又過了一盞茶的時間,了了終於肯不甘不願地認輸了,於懷英心有餘悸地問:“和尚,你到底來這兒幹啥呀?”

了了眨了眨眼,睜著他那雙狐貍眼無辜道:“我也不知道啊。”

他指著李奉白送了聳肩:“李大人不肯放我走。”

“大人?”

李奉白沒有多餘的解釋,只是言簡意賅道:“等。”

第二天衙役帶著畫師根據小月紅的口述畫出來的黃忠義畫像來了。

畫紙緩緩打開前李奉白看了一眼了了,了了沒有說話。

一個很英俊的男人,大概二十三四歲的年紀,他劍眉星目、鼻梁挺直,勾勒出臉部剛毅的線條。只是面相上很苦,只虛看一眼便覺得這個人生活苦大仇深的。

一張很陌生的臉,李奉白沒有見過。

如果非要說的話,只能說這人長得確實有兩分像陸希志。

“大人剛剛在懷疑什麽?”耳邊突然傳來了了的聲音。

李奉白不用回頭就能想象出了了掛著那副若有若無的笑意像只狐貍的樣子。

“和尚你怎麽還在這裏?”於懷英問。

了了又眨眨眼:“好吧,李大人終於放我走了,那小僧就先行離開了。”

等走到門口,他又突然倒退了回來,到李奉白身邊認真說道:“黃忠義以前僅僅是個貨郎,活的清貧,也未曾讀過兩本書,就算是有心報仇,行動也一定粗糙簡陋。

但是陸大人身死這事若不是英明神武的李大人前來,可能就會變成了一件妖怪殺人的懸案,這絕非黃忠義一人的手筆,所以他背後一定另有陰謀。”

李奉白道:“所以現在你要向我揭示他背後的陰謀嗎?”

“不。”了了正色道,“我的意思是,如果我是大人,我不會對黃忠義有任何興趣。回到京城後就把黃忠義交給刑部,別再沾手了。”

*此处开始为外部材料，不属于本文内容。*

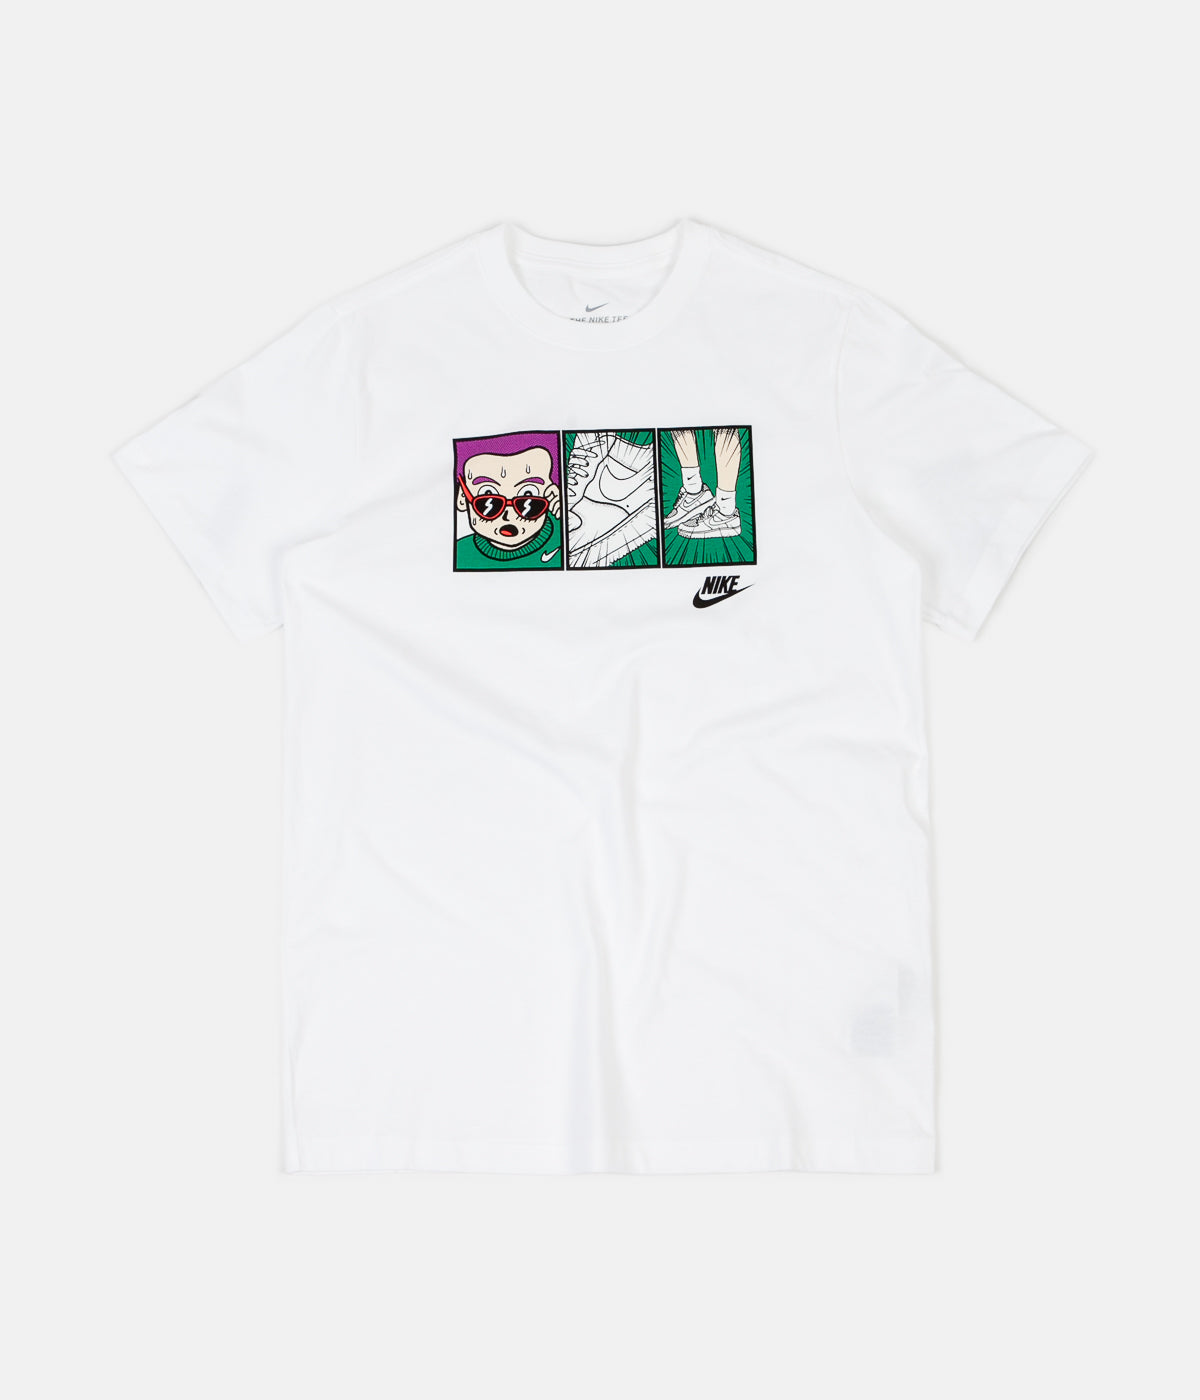 Nike Illustration T-Shirt - White

最後他看向門外太陽,臉色極為晦澀:“有些功勞聞上去如蜜糖一樣香甜,但若不幸粘上了一點兒就再也逃脫不掉,到最後你會發現自己早已經掉入了豬籠草的陷阱。”

這次說完後,了了便頭也不回地走了。

2

了了走得像一陣風,到了晚上李奉白和於懷英兩人回陸家吃飯時,就聽見了了已經和南真寺的師兄弟們離開了平安縣的消息。

“那黃氏的事呢?”李奉白問道。

“了了大師又和黃姐姐交流了一次。”

這次那柳條鞭尾落到火盆兒中時依舊是燃著了火,但是燃到一半卻突然熄滅了。

了了說這是黃氏無牽無掛,願意轉世投胎的意思。陸家把黃氏的墳打掃好,以後記得定時祭拜就不會有事了。

事情就在陸家人茫然失措的心中結束了,有一種事情起承轉合鋪墊了許久,但是到了高潮突然強行結尾的不真實感。

李奉白對於了了的突然離開也有些不滿。

了了現在看上去就像是一個慣於偷摸拐騙的和尚,本來只是想來陸家騙騙錢,不曾想碰上了陸家的大案,看到事情要敗露,趕緊收拾東西跑路的樣子。

但是李奉白總覺得他知道些什麽,並在陸大人這件事中扮演了很重要的一個角色。

尤其是他臨走前和自己說的最後一段話簡直如鯁在喉,李奉白反覆琢磨,但還是不得其解。

於懷英認為了了這個和尚就是在故作高深捉弄李奉白,以報覆他打斷了自己在陸家騙錢的行為。

李奉白內心並不讚同,但是也沒有拒絕於懷英的寬慰。

不過俗話說的好,跑得了和尚跑不了廟。和尚的牒牘是真的,那麽他真有問題再把他抓回來就行了,不過這一切得等黃忠義被抓回來在說。

黃忠義的抓捕過倒是程異常順利,在官府的高效運轉下,一個普通的老百姓,他就算是再能跑再能躲,也是藏不了幾天的。

一個巴掌剛數過,黃忠義就被押送到了平安縣的縣衙。

審訊過程一開始異常順利,黃忠義很幹脆地就認了殺害陸希志一事,謀害陸大人的原因就是不外乎是眾人猜測的那樣。

他模仿自己親娘的筆記給京城的陸希志送了一封信,想讓陸希志回到平安縣再暗殺他,但是過程中卻又對這個當大官父親有了一絲好奇,幻想著事情可能不是忠仆說的那樣。

於是他訓練小月紅努力模仿成黃氏的樣子接近陸希志想看看陸希志對黃氏到底是什麽態度,不曾想小月紅反被陸希志套出黃忠義的存在。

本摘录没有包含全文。